Smart Electric Meters Can Spy on Homes
Smart electricity meters provide power companies with an accurate and streamlined method of monitoring, reading and controlling a home's power usage. That convenience, however, comes at a steep price and could put homeowners' safety in jeopardy.
Researchers examining the privacy implications of smart-meter technology found that one German provider's devices contained vulnerabilities that allowed them to snoop on unencrypted data to determine whether or not the homeowners were home.
After signing up with the German smart-meter firm Discovergy, the researchers detected that the company's devices transmitted unencrypted data from the home devices back to the company's servers over an insecure link. The researchers, Dario Carluccio and Stephan Brinkhaus, intercepted the supposedly confidential and sensitive information, and, based on the fingerprint of power usage, were able to tell not only whether or not the homeowners were home, away or even sleeping, but also what movie they were watching on TV.
The problem, the researchers explained, stems from Disovergy's monitoring frequency; the devices log homeowners' electricity usage in 2-second intervals, a timeframe they deemed unnecessary and intrusive. The two-second reporting interval provides so much data that they were able to accurately chart power usage spikes and lulls indicative of times a homeowner would be home, asleep or away.
Carluccio and Brinkhaus presented their research in a presentation titled "Smart Hacking for Privacy" at the Chaos Computing Congress in Berlin on Dec. 30.
Flaws in Discovergy's Web interface also enabled the researchers to send back rigged meter readings to the company, and to tap into the company's servers and obtain a complete record of all the information collected by a home's smart meter.
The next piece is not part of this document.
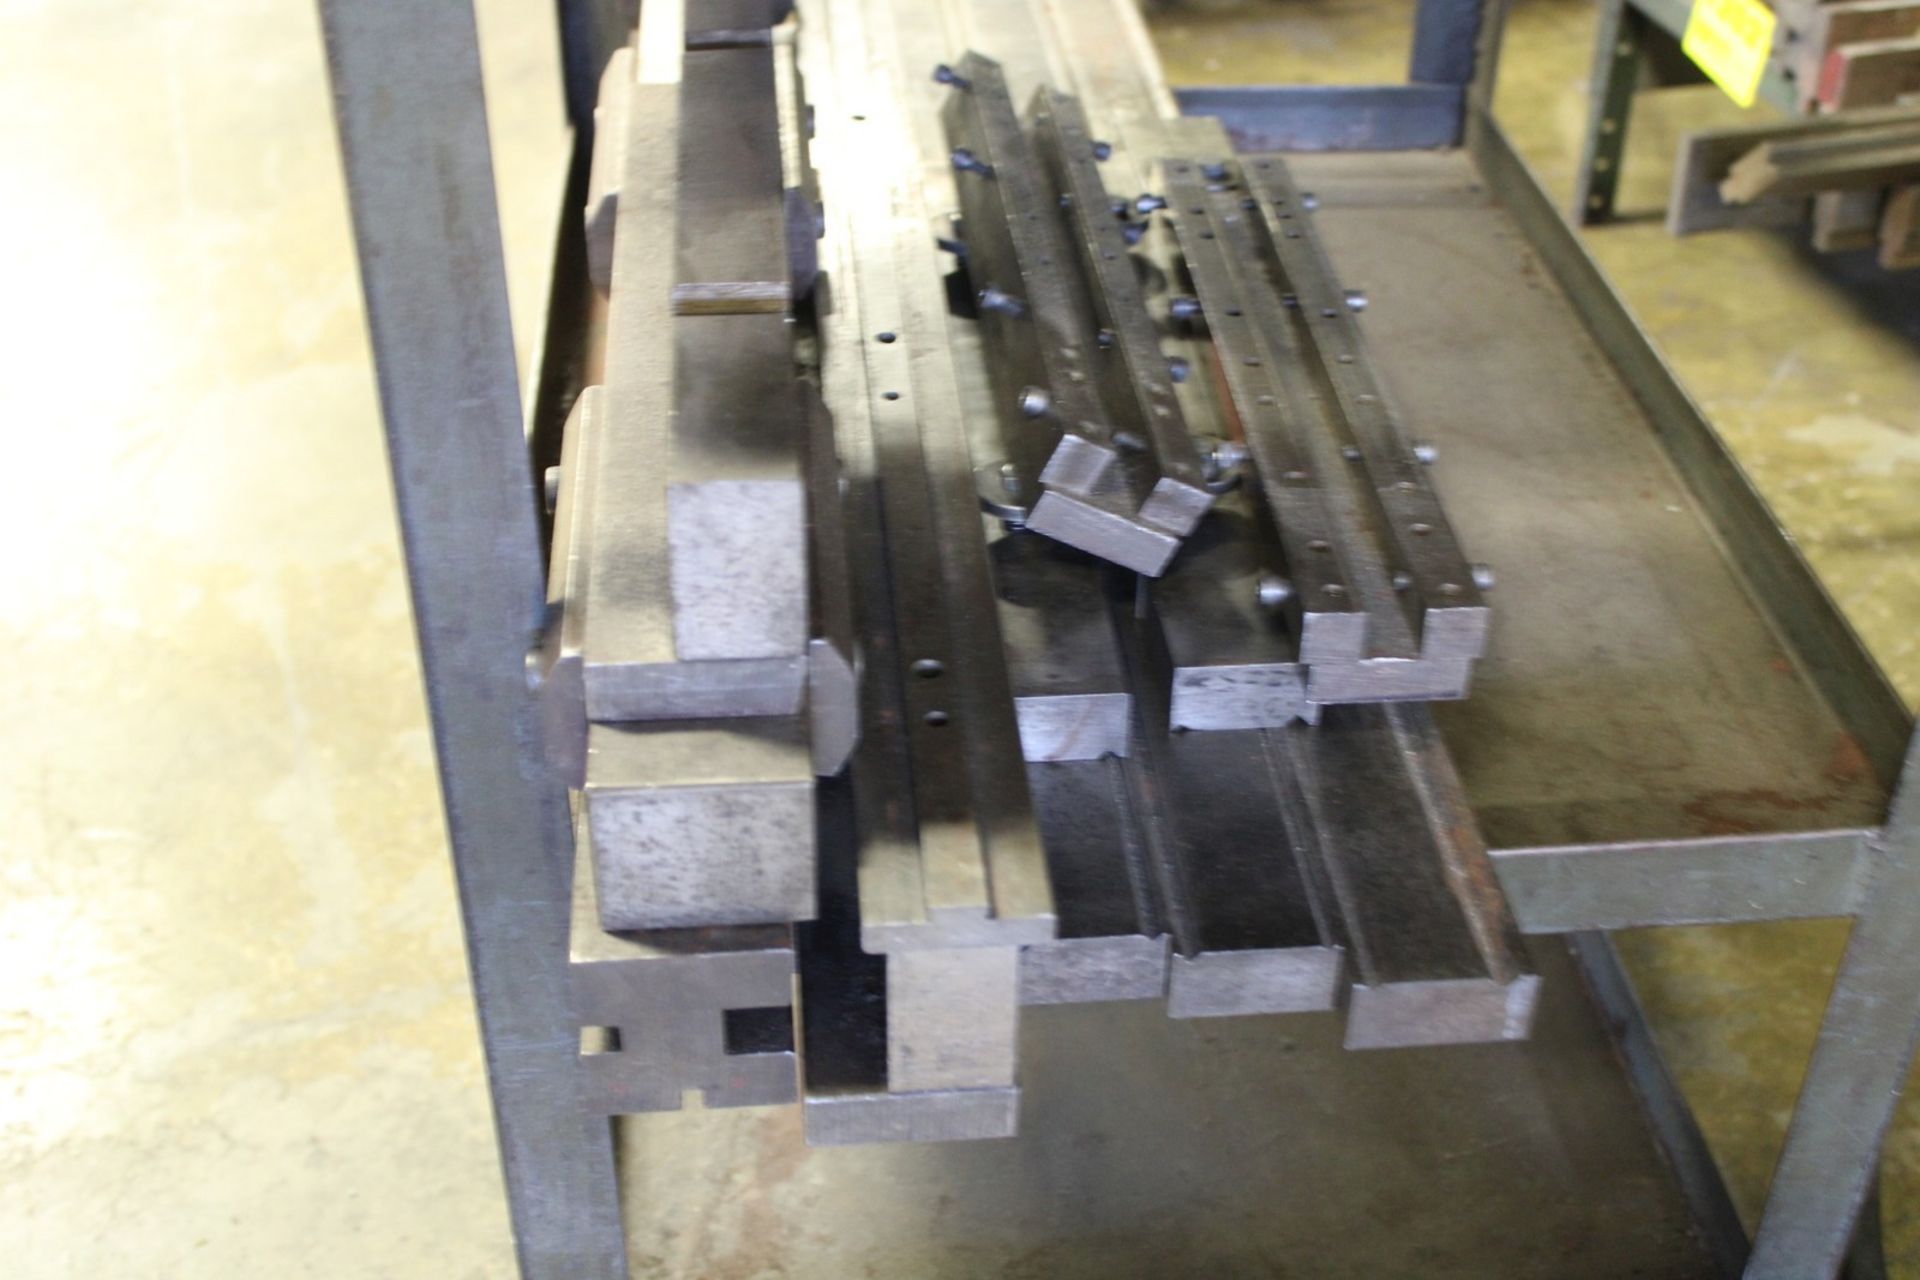 PORTABLE SHOP CART WITH ASSORTED PRESS BRAKE DIES - Image 2 of 3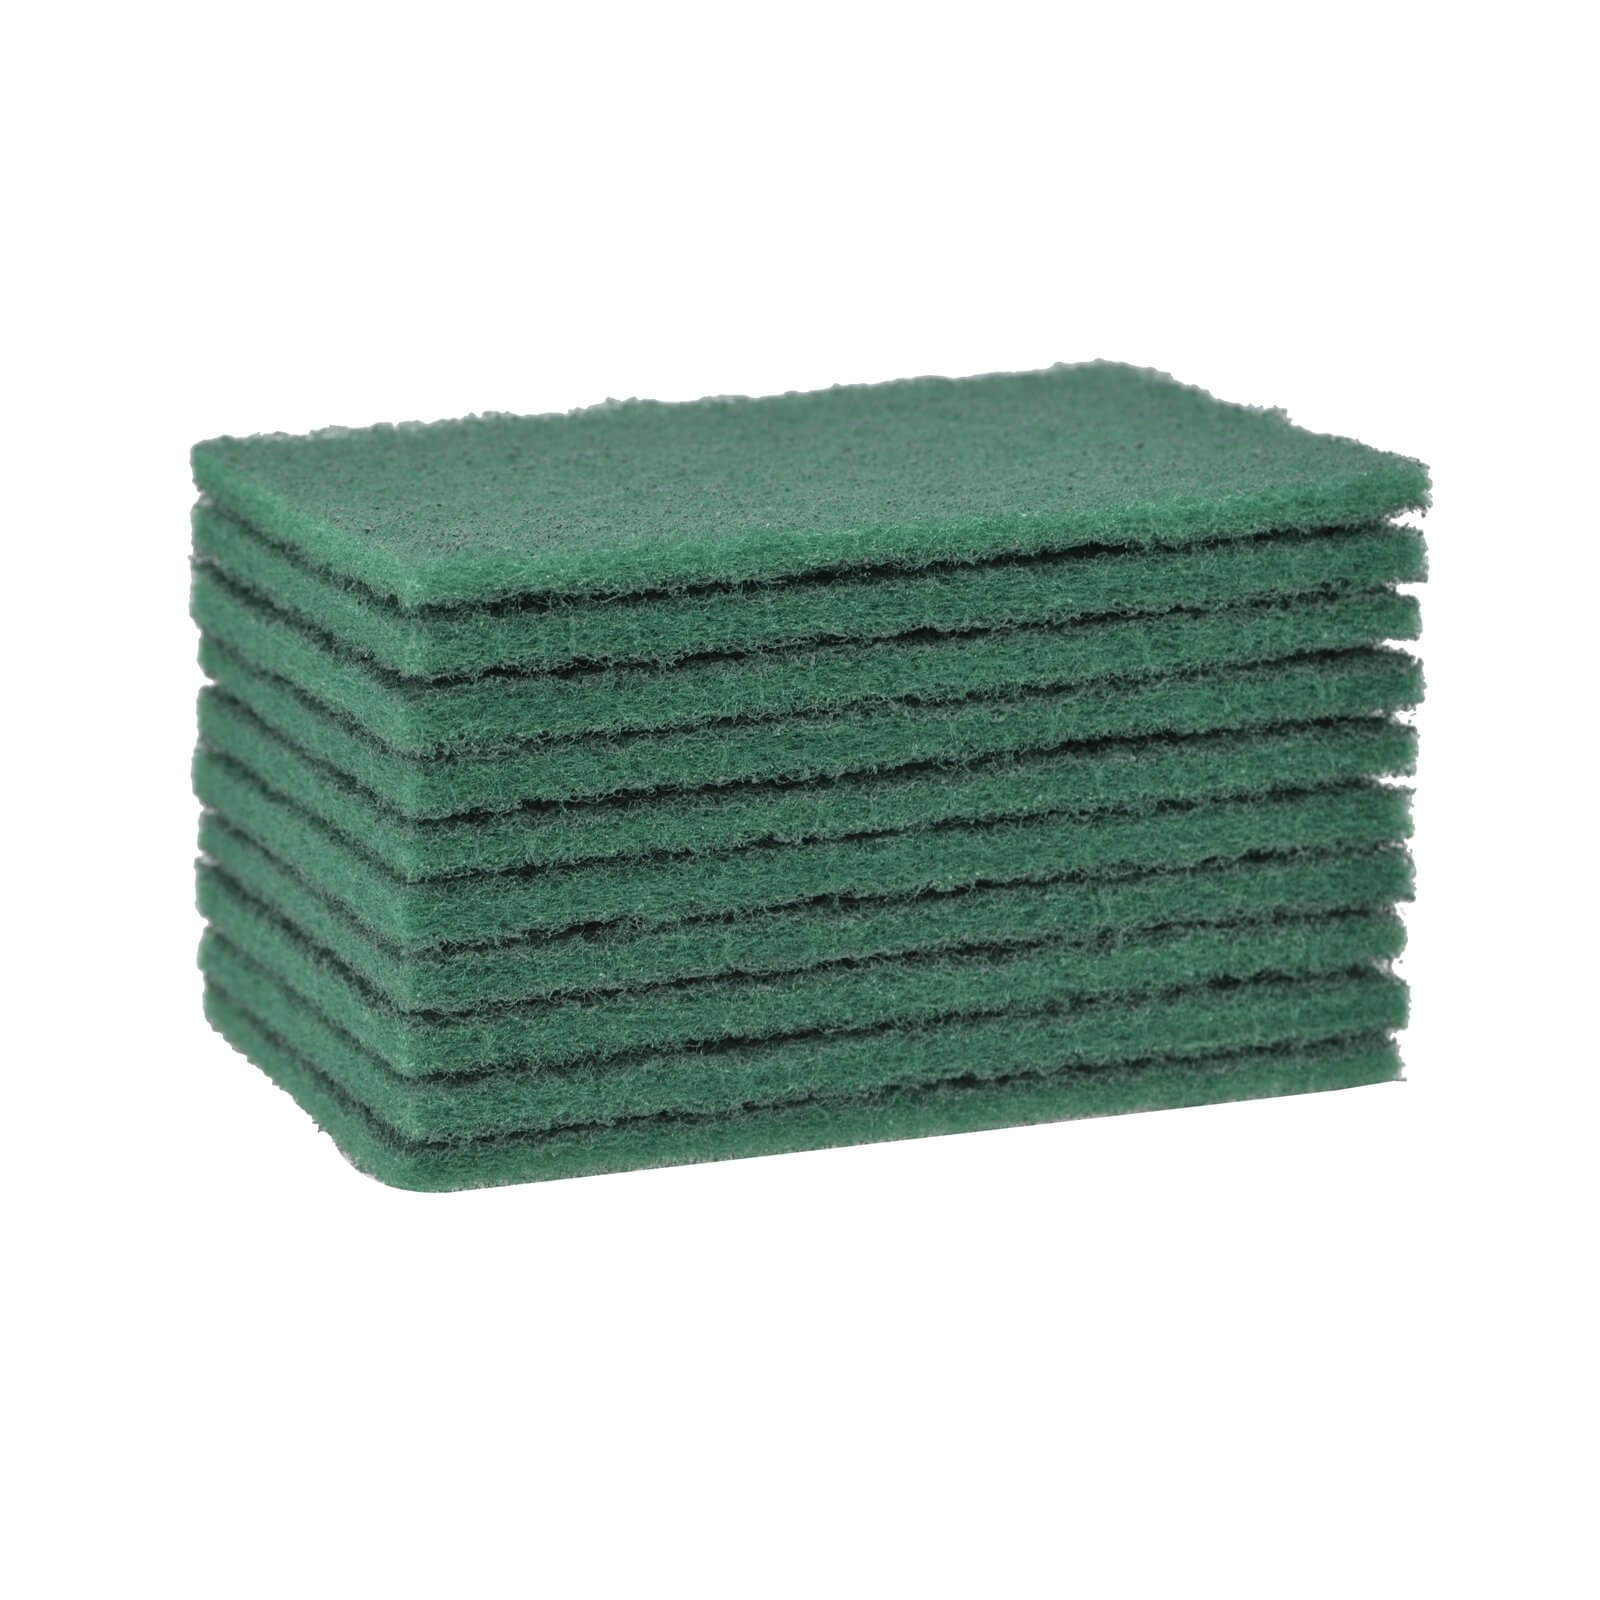 10 pack of Heavy-duty Scouring Pads

During the presentation, the CEO of Discovergy, Nikolaus Starzacher, came on stage and vowed to resolve the security glitches "as quickly as possible," the security firm Sophos reported. Starzacher explained that his company used a two-second monitoring interval to provide services to the homeowners like notifying them if they left an iron or stove on by accident. He said he would make the data collection interval configurable in the future.